5 Dunque nell’800 si verificano due grandi svolte: da una parte con l’introduzione del concetto di malattia intesa come lesione, prima a livello dell’organo e del tessuto e poi a livello della cellula, dall’altra parte con l'introduzione del concetto di causa eziologica, microbica di una malattia. In questo nuovo quadro di riferimento in che modo cambia il rapporto fra normale e patologico?

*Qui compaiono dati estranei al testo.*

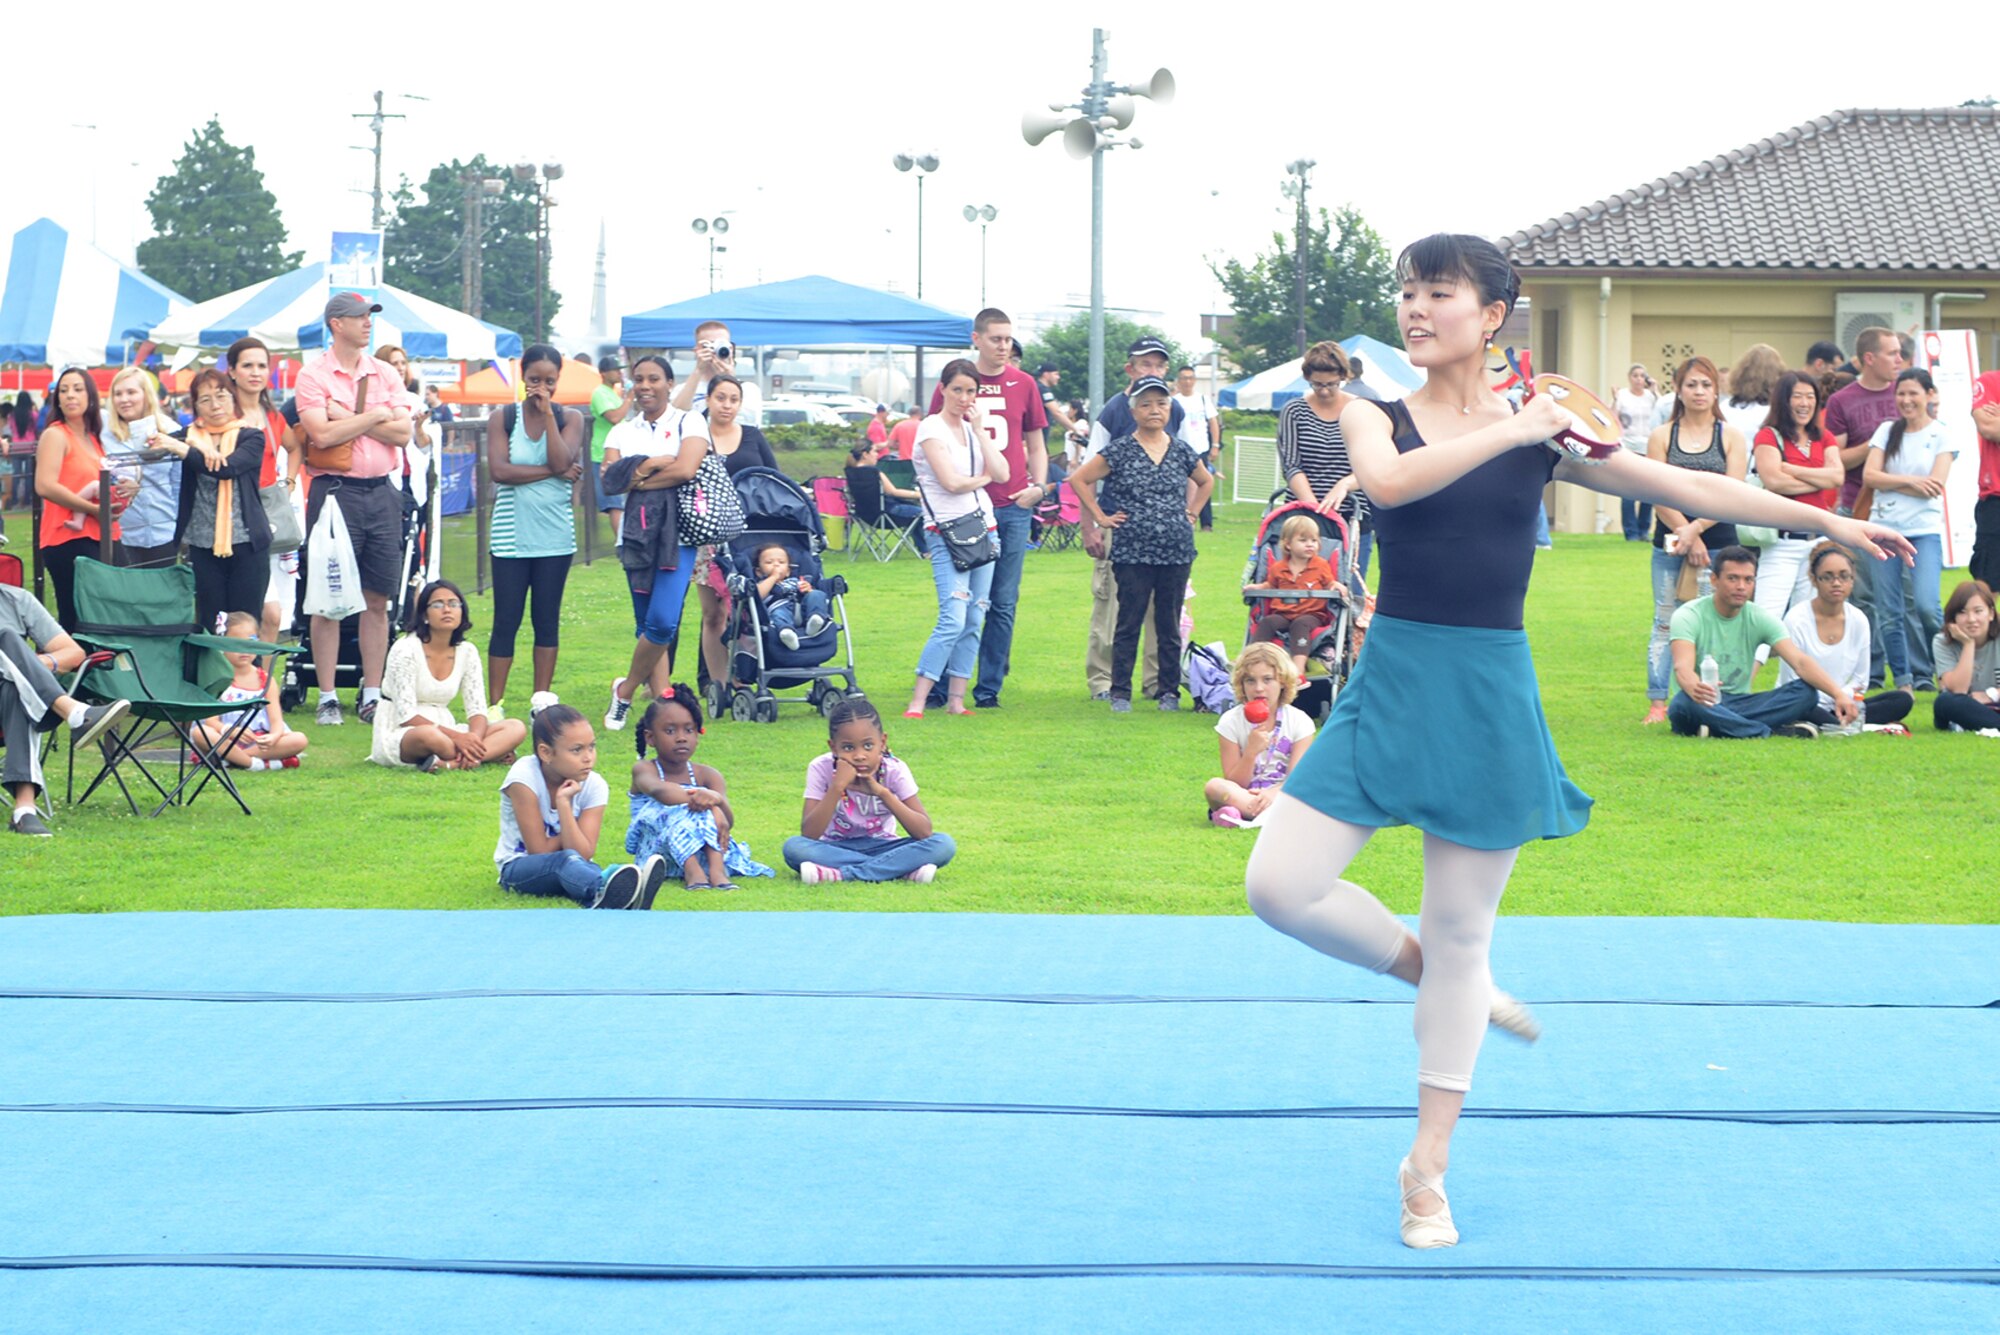 A dancer performs for members of Team Yokota during Celebrate America at Yokota Air Base, Japan, July 2, 2015. The 374th Force Support Squadron hosted events throughout the day to include a 5k Fun Run, the Leaky Kon Tiki race, go-karts, carnival booths and performances from the Band of the Pacific-Hawaii 'Hana Hou!'. (U.S. Air Force photo by Airman 1st Class David C. Danford/Released)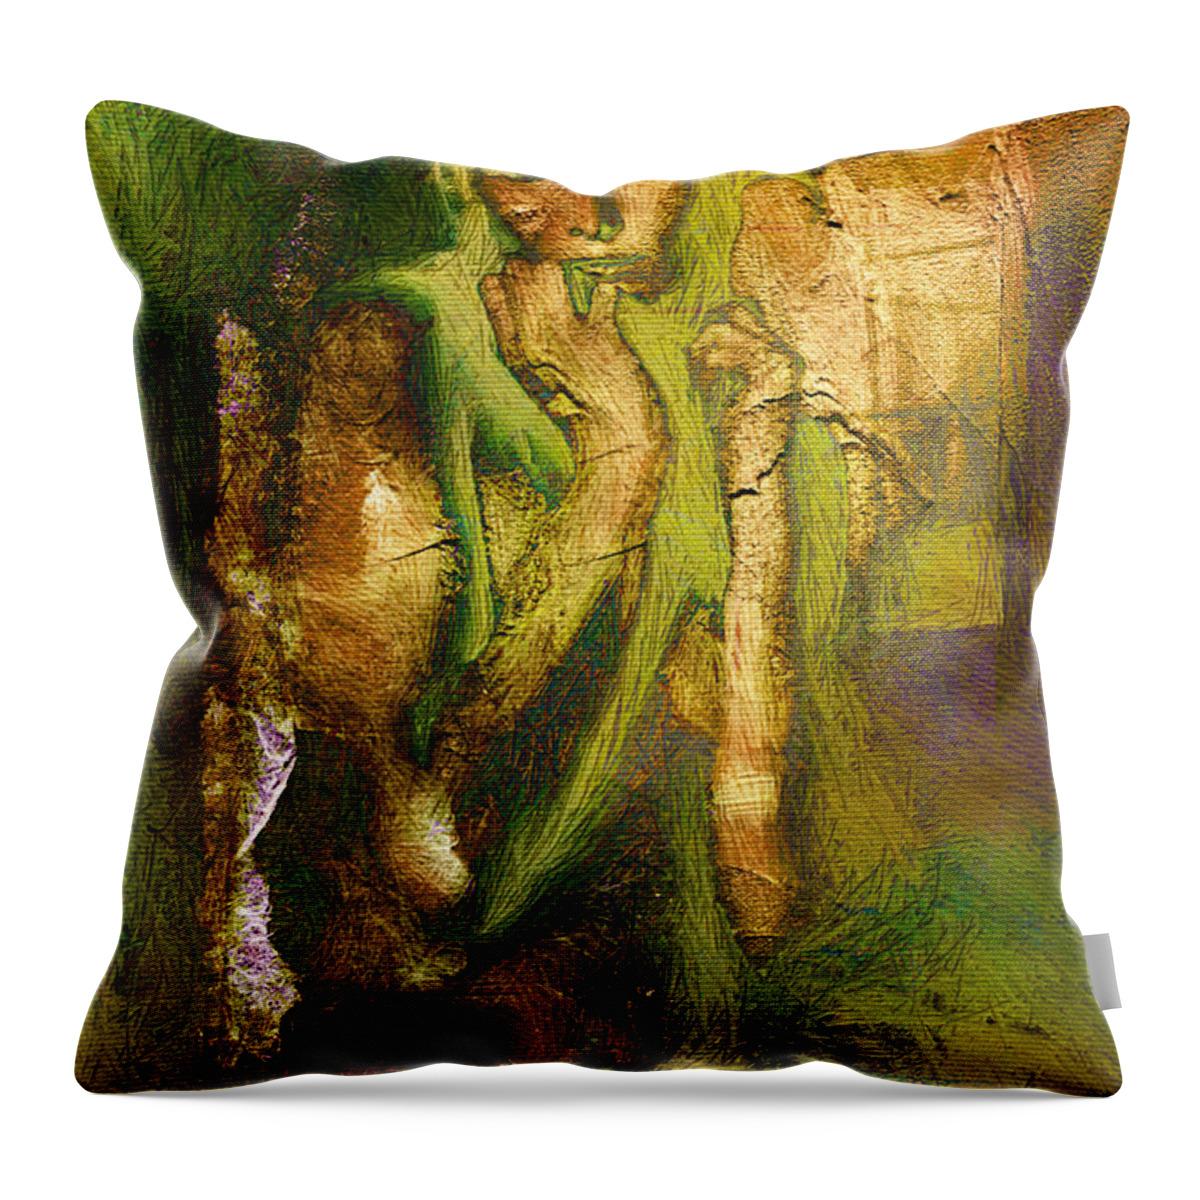 Copper Throw Pillow featuring the digital art Copper Hair by Andrea Barbieri

E’ una domanda alla quale non è facile rispondere. Si ritorna, paradossalmente, ai punti di vista antichi, perché andando fino in fondo alla localizzazione, anche al di sotto della cellula, a una definizione molecolare di una malattia, si vede l’importanza dei meccanismi di regolazione dell’insieme e sorge di nuovo il problema se il normale e il patologico non debbano essere situati a livello dell’organismo, cioè della persona. E, paradossalmente, anche la scoperta del microbo patogeno, una ventina di anni dopo i grandi successi, ha come corollario la scoperta o riscoperta dell’importanza dell’ambiente. E il normale e il patologico allora si devono capire prendendo in conto tutto ciò. Tali concetti si possono definire solo come un rapporto tra l’organismo e il suo ambiente. Così anche la caratteristica interna dell’organismo, ciò che chiamavano temperamento, costituzione e la malattia stessa, dipendono in parte dalla costituzione e dalle condizioni dell’ambiente.
Ciò che irrompe come una novità, se vogliamo filosofica, concettuale, è la malattia che in origine è una cosa che dall’esterno entra nell’organismo, successivamente diventa un cambiamento dell'organismo, un qualcosa come una modificazione negativa dell'organismo, e infine la malattia può essere anche concepita come la lotta dell’organismo contro un fattore nocivo. Dunque abbiamo la malattia, definita come un processo salutare. Si passa a una ricerca del modo col quale l'organismo potrebbe ritrovare il perduto equilibrio con l'ambiente. La reazione dell'organismo verso l’ambiente crea un nuovo squilibrio e la più gran parte di sintomi è dovuta a questa lotta contro la malattia. La malattia diventa ora qualcosa di positivo da intendersi come sforzo biologico. Si può individuare, dunque, una visione biologica della malattia in due sensi. Nel senso di fenomeno intrinseco della vita che è una lotta di sopravvivenza, una lotta per rimanere se stesso o rimanere più fedele possibile all’esecuzione di un programma di base che i vari fattori, la malattia, impediscono in quanto deviazione del programma nella ricerca per ritrovare la realizzazione di questo programma. Ma c’è anche un altro aspetto su cui bisogna insistere: la malattia è anche un concetto antropologico, direi anche antropocentrico. Praticamente solo l’uomo è malato. In gran parte la malattia è definita con i parametri sociali. Questo è molto chiaro nelle malattie mentali, ma anche nelle altre malattie abbiamo spesso un fattore sociale. Malato è un uomo, una persona, che ha delle difficoltà di integrazione sociale, in qualunque senso. E anche gli animali, o le piante, spesso sono definite malate in rapporto all’uomo. Prendiamo una pianta che è considerata come malata perché un parassita la distrugge. Diciamo così perché noi siamo interessati alla vita di questa pianta. Ma se noi fossimo interessati alla vita di questo parassita, non sarebbe più la pianta ad essere malata ma il parassita a trovare lì il suo vivere. Dunque c’è sempre, nella malattia, anche un punto di vista finalistico.

 

6 Lei ha detto che i diversi concetti di malattia che si sono succeduti nella storia della medicina per molti aspetti restano anche nel concetto moderno di malattia. Ciò significa che non esiste un concetto unitario di malattia ma piuttosto un insieme di diversi concetti di malattia?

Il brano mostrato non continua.